True. So you’re saying, if we want to become X, act like it.
That’s what we have always said, and we defy you to find a time when we said the contrary. You did not come into 3D form to be put into an impossible condition. That is, nothing can ever be asked of you that is beyond your ability. Your life’s task may be difficult, may break you. Still it will not be too much because it cannot be too much, or you wouldn’t be faced by it.
Now, we are well past your usual hour, but we can feel your sense of incompletion. What can we say that will satisfy you?
I remain concerned about remembering day by day, let alone year upon year.
Rely upon habit, as we have often said. In your specific case (not necessarily applicable to everybody), use written reminders aimed forward. That is, write now what you wish to continue with later. We have been doing that sometimes when you ask for the next day’s theme. Even getting a TBA helps you in that it releases that part of you that wonders anxiously if it is forgetting something – losing the plot.

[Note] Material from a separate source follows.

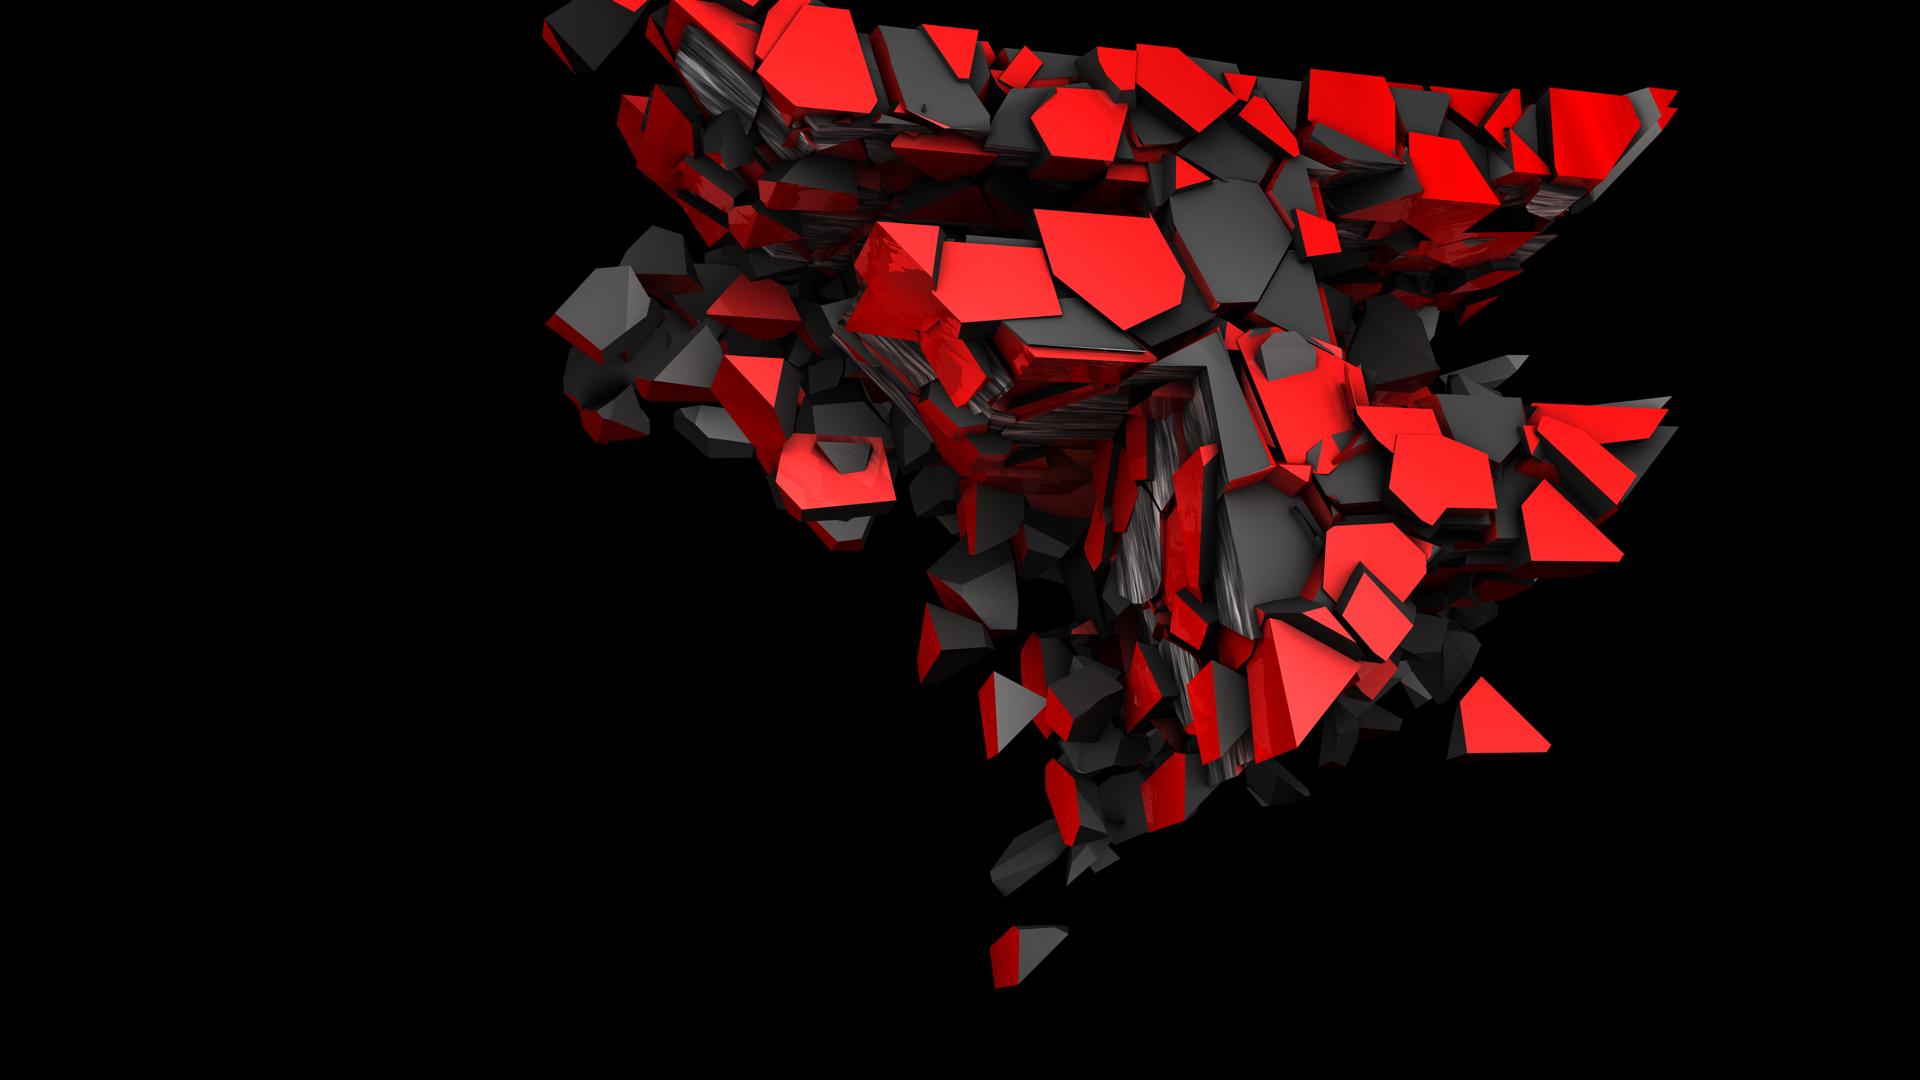 Faze Logo by NickHasGFX 1920x1080
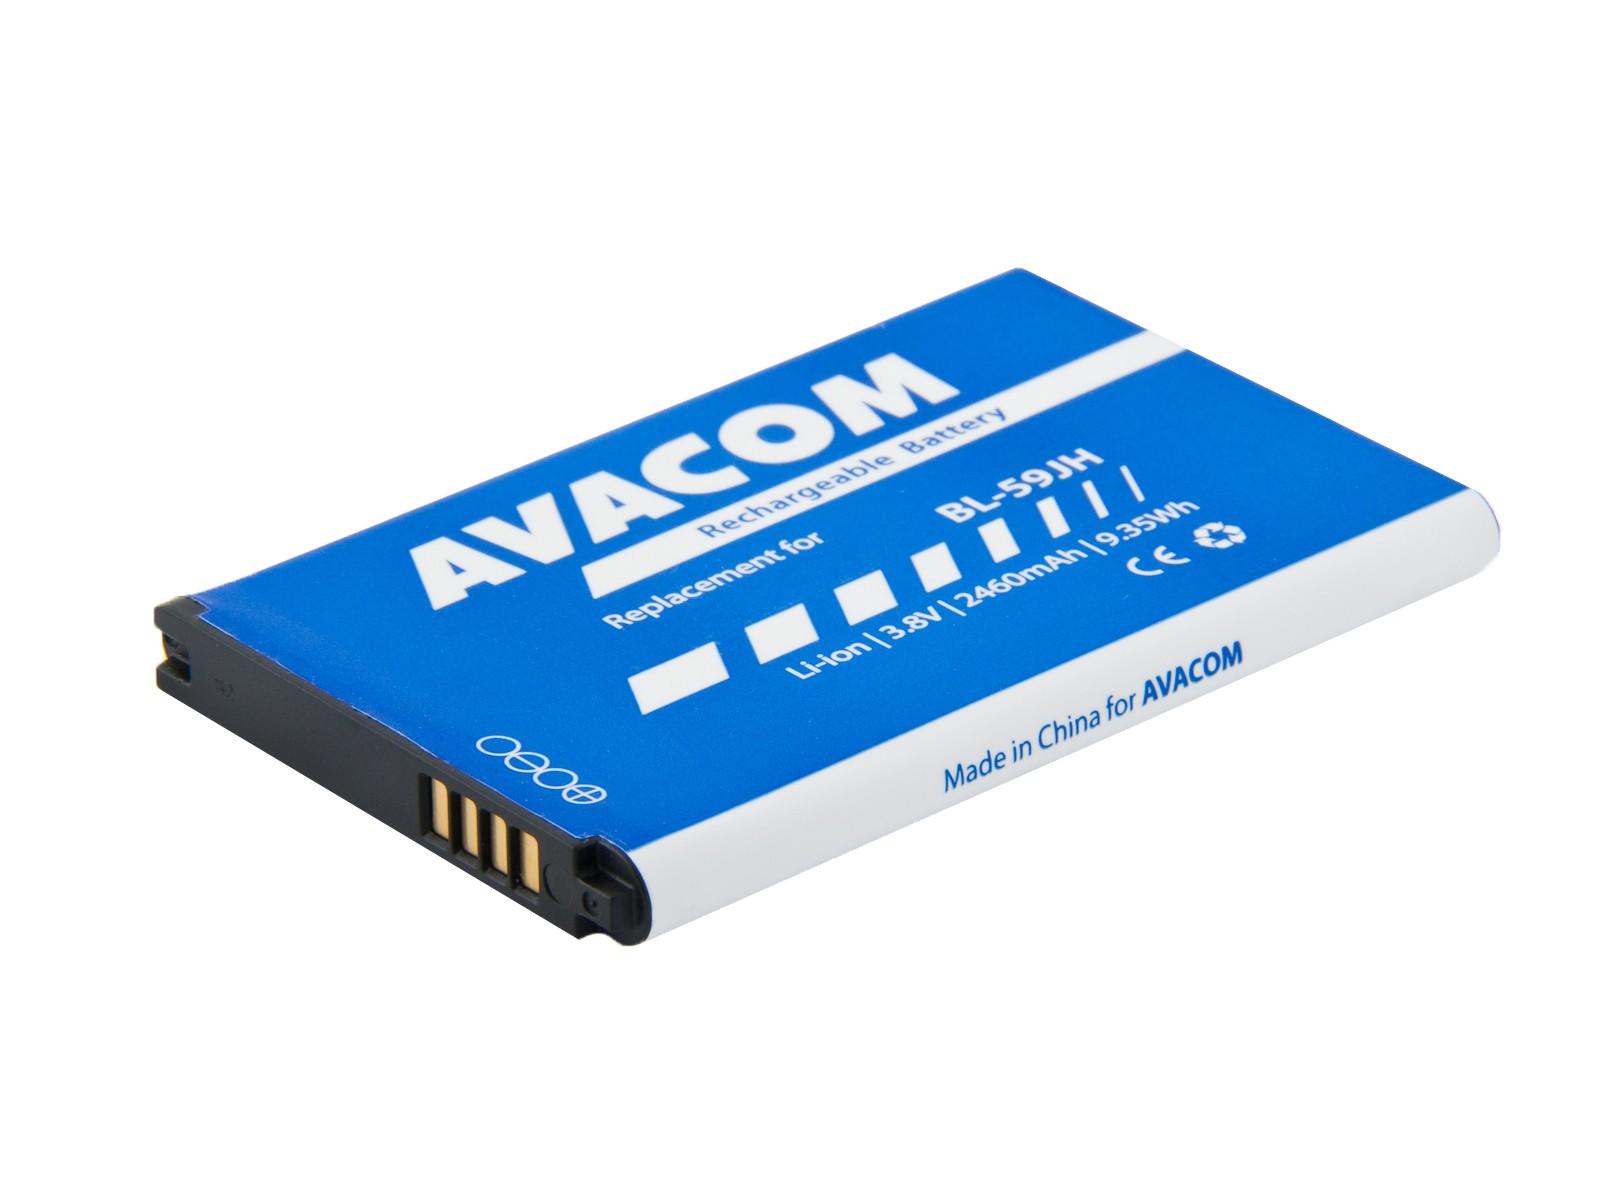 Náhradní baterie AVACOM Baterie do mobilu LG Optimus L7 II Li-Ion 3,8V 2460mAh, (náhrada BL-59JH)

Also, you may wish to try returning to your work more often, even if only for very short times. This may help. But enough for now. Next time, TBA.
Today’s?
“holding the plot”? “Continuity”? Perhaps “Consciousness and intent.”
Yes. That sounds like it. Very well, my thanks for all this: 75 minutes, not a record but still a pretty good length of time. Till next time.
I still hold onto Seth’s saying that “any progress made is permanent progress.” I believe that. I don’t think time erases it or that memory is necessary to demonstrate it.